Research
Re-Landscaping Citation Analytics
My current research proposes a shift in how we visualize academic fields: from networks of cited sources to disciplinary terrain.
I use co-citation methods from bibliometrics to map research traditions across disciplinary areas based on what work is commonly cited together. I focus most on interdisciplinary scholarship that otherwise distinct communities cite in common and that raw citation counts may underrepresent.
Such maps of co-citation usually render a field as a “hairball” of nodes and connecting lines. At large scales, these diagrams require thresholding to be understood, and the distances between points are artifacts of the layout algorithm rather than anything about the citations themselves.
I instead recover an early approach that treats citation density as elevation. Peaks are areas of dense co-citation. The valleys between them are where interdisciplinary work bridges closely related clusters, and where shared but not frequently cited influences lie.
I draw here on Jacqueline Jones Royster’s metaphor of disciplinary landscaping. Royster reminds us that our intellectual maps are partial, shaped by our vantage points on disciplinary bedrock, and she calls us to consider how we showcase intellectual space from those vantages. This matters at a moment when information is increasingly accessed through black-boxed algorithms, from proprietary search engines to generative AI, where the ability to trace the provenance and relationship of ideas is obscured. Mapping a field as terrain can help us re-center scholarship elided by methods that boost already highly-cited work.
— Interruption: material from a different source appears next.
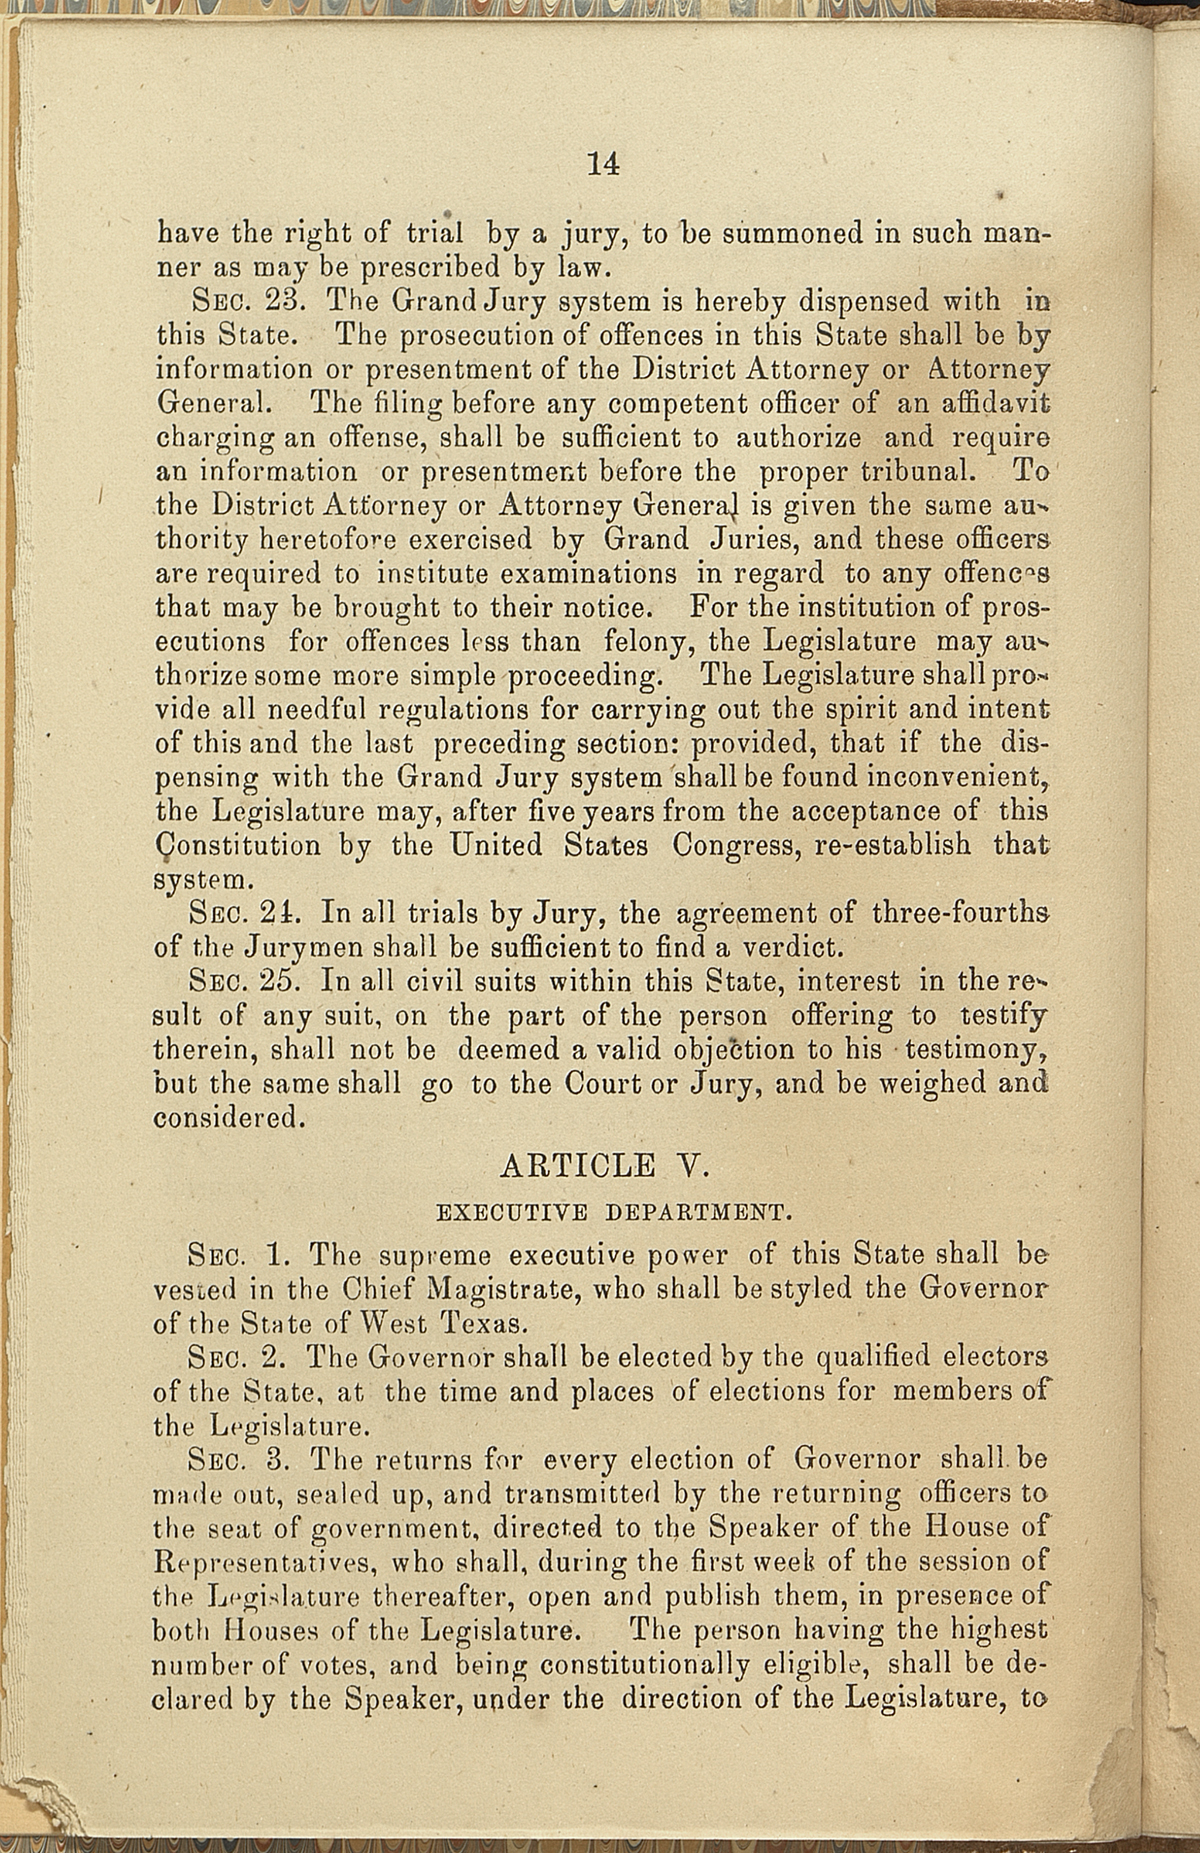 Article V, Sections 1-3

My Approach to Data Analysis
From my training as a digital humanist, I understand data analysis as an exploratory and iterative practice. It can corroborate what we may already know about our interests and assumptions, answer novel research questions we may have, and prompt further questions based on the patterns we see in the results from our situated vantages. Applied at different scales, data analysis can guide and augment rather than supplant close analysis. As I’ve argued in “Transforming Text,” for the Journal of Writing Analytics, working with data (cleaning, transforming, analyzing, and presenting it) is a means of writing just as writing is a means of analytical rearrangement.
Methods impart biases as much as data do. Even given complete and well-structured data, a chosen method makes some data tractable while other data is discarded. Adjusting a parameter shows some features while obscuring others. I work to make those choices, and my vantage on them, legible to readers.
Selected Publications
“Introduction to Issue Twenty-Seven: Minimalist Digital Humanities Pedagogy”, Themed Issue, with Patricia Belen, Stefano Morello, Danica Savonick, and Brandon Walsh, in Journal of Interactive Technology and Pedagogy, 27 (2025).
“Writing program assessment as a site for multi-generational mentoring: Building research trajectories for justice.” With Qianqian Zhang-Wu, Devon Regan, and Mya Poe, in Leigh Gruwell and Charles Lesh, eds., Mentorship/Methodology: Reflections, Praxis, and Futures. Utah State University Press, 2024.
Introduction, General Issue with Forum on Data and Computational Pedagogy, with Kelly Hammond and Brandon Walsh, in Journal of Interactive Technology and Pedagogy, 18 (2020).
“Transforming Text: Four Valences of a Digital Humanities Informed Writing Analytics,” in The Journal of Writing Analytics, Vol 1 (2017).